Hackers Don’t Tinker Because They Got Invited

February 4, 2010 at 8:39 am (Uncategorized)

I’m perplexed by the extremist reactions to this device, pro and con. It is, at the end of the day, essentially just an iPod Touch with a big screen and faster processor.

It’s not the savior of the world, it’s not the devil incarnate, it’s just a friggin’ iPod folks! It’s not the greatest thing since sliced bread, nor do I think it was ever intended to be. It’s not an open platform, and I doubt anyone seriously should have thought it would be. Why would anyone of reasonable intelligence and a grip on their emotions believe that a large iPod would suddenly operate under different principles than it’s smaller kin? When WAS the last time you saw a zebra change it’s stripes?

For some, the closed environment will provide the reliability and stability they seek – they want an appliance, not a weekend/weekly project. For others it will provide the reason they seek not to own one. Good for both groups. Some people need that automatic transmission because life is too hectic to care about the clutch, gears, and all that stuff. Some prefer to shift for themselves and the added feeling of control that provides. Neither is wrong, just different.

Each of us has our own needs. No one I’ve yet crossed paths with has reached the needed deity level required to make all encompassing decisions for others. Apple is wrong for doing it, as were Microsoft, IBM, and oh so many others before them, AND SO ARE THOSE WHO WOULD DENY THIS DEVICE TO THOSE TO WHOM IT COULD BE A USEFUL TOOL.

Personally, I see it as a tool to generate more competition in this mid-range hardware/software market. Competition is GOOD – generates new ideas, better performance, standards compliance, and even redefines and expands those standards as demand for new technologies and methodologies become more mainstream.

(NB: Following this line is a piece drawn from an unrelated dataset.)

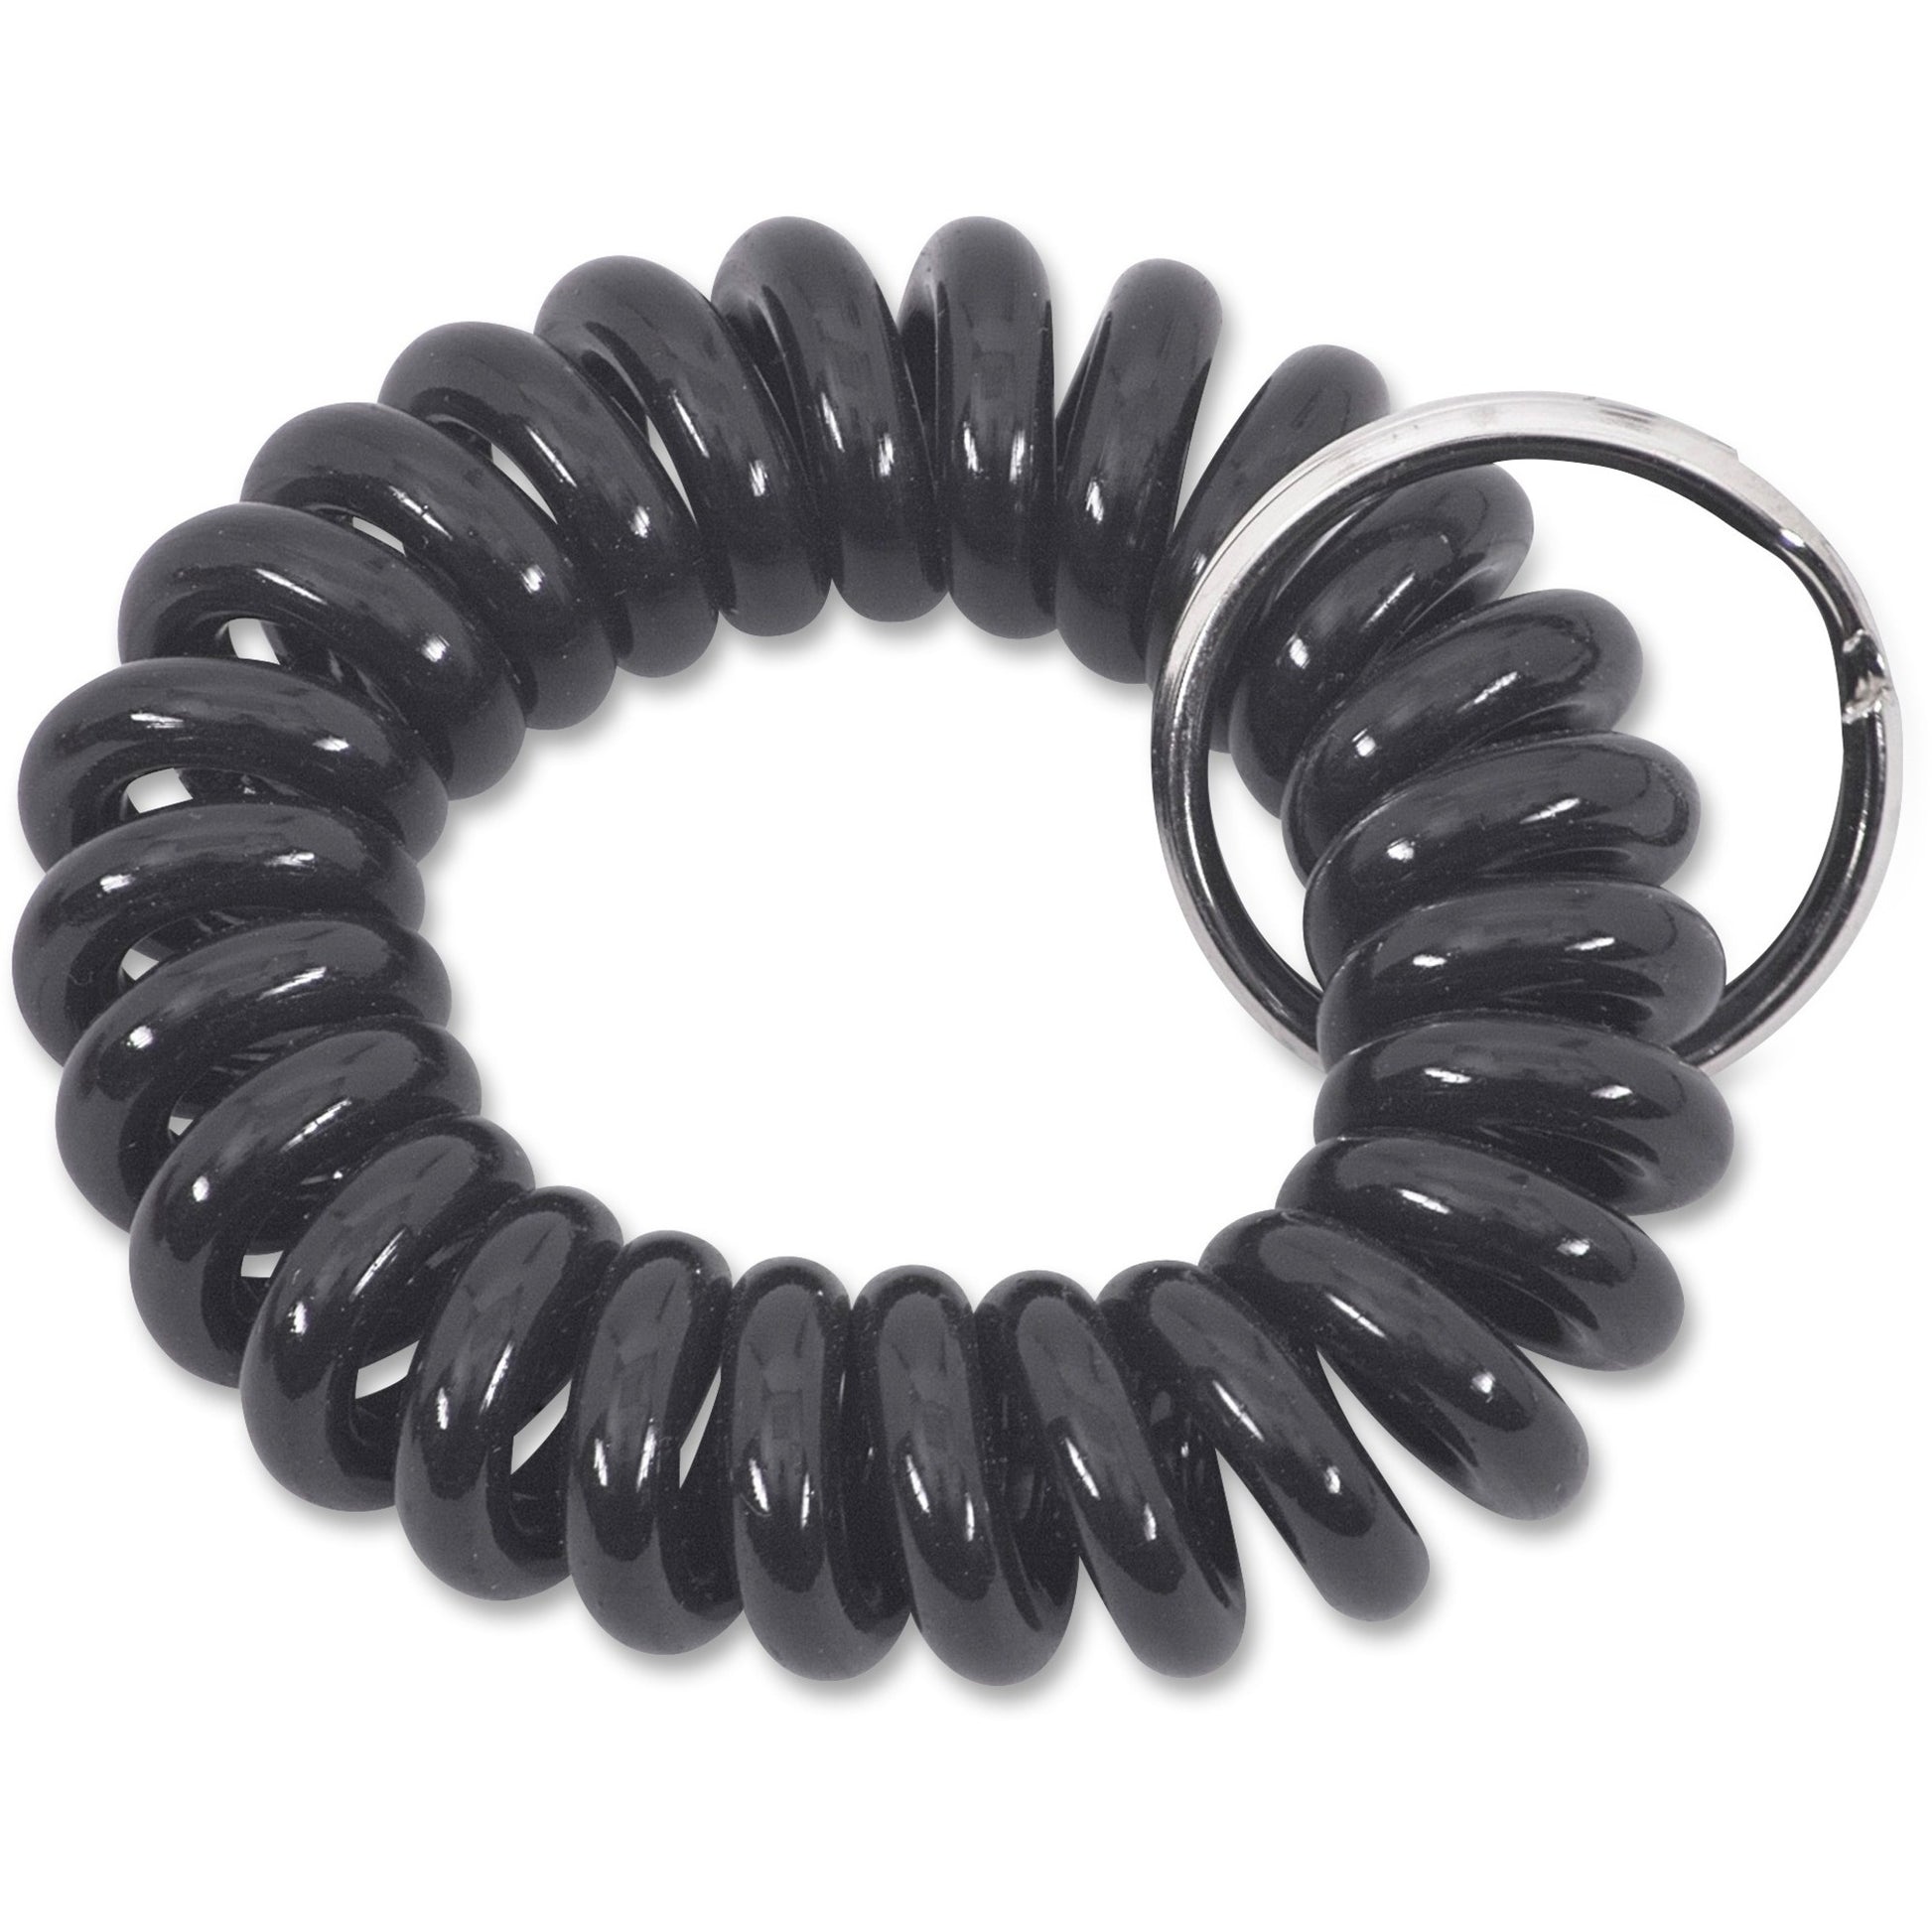 Merangue Key Ring Coil Wrist Bands

All in all, it’s just another new product on the market. Apple, believe it or not, is just another company who is trying to make a buck and keep doing so by not becoming stagnant (ala Motorola’s tendency to stop developing new products every few years and then nearly bankrupt the company in so doing). Steve Jobs is not God. He’s just a guy who is a good salesman and knows good design. Read more into him (or Apple) than that and we have the reason so many people are so disappointed I guess. These people probably also believe every whopper the used car salesman drops on them.

I might remind the doom and gloom crowd that when PCs first came out and for several years thereafter, IBM had such tight control over how compatible competitors could be, they effectively had a strangle hold on the market. You could buy Radio Shack/Tandy or a multitude of other knock offs, but each had different limitations in that they were not 100% compatible. Contrast that with today’s wide open x86 derivative marketplace. Keeping an iron fist only works for so long whether it is ruling technology or countries/people. It’s destined to fail, since there is always some revolution or another just around the corner waiting to happen. Thousands of years of recorded history proves this out.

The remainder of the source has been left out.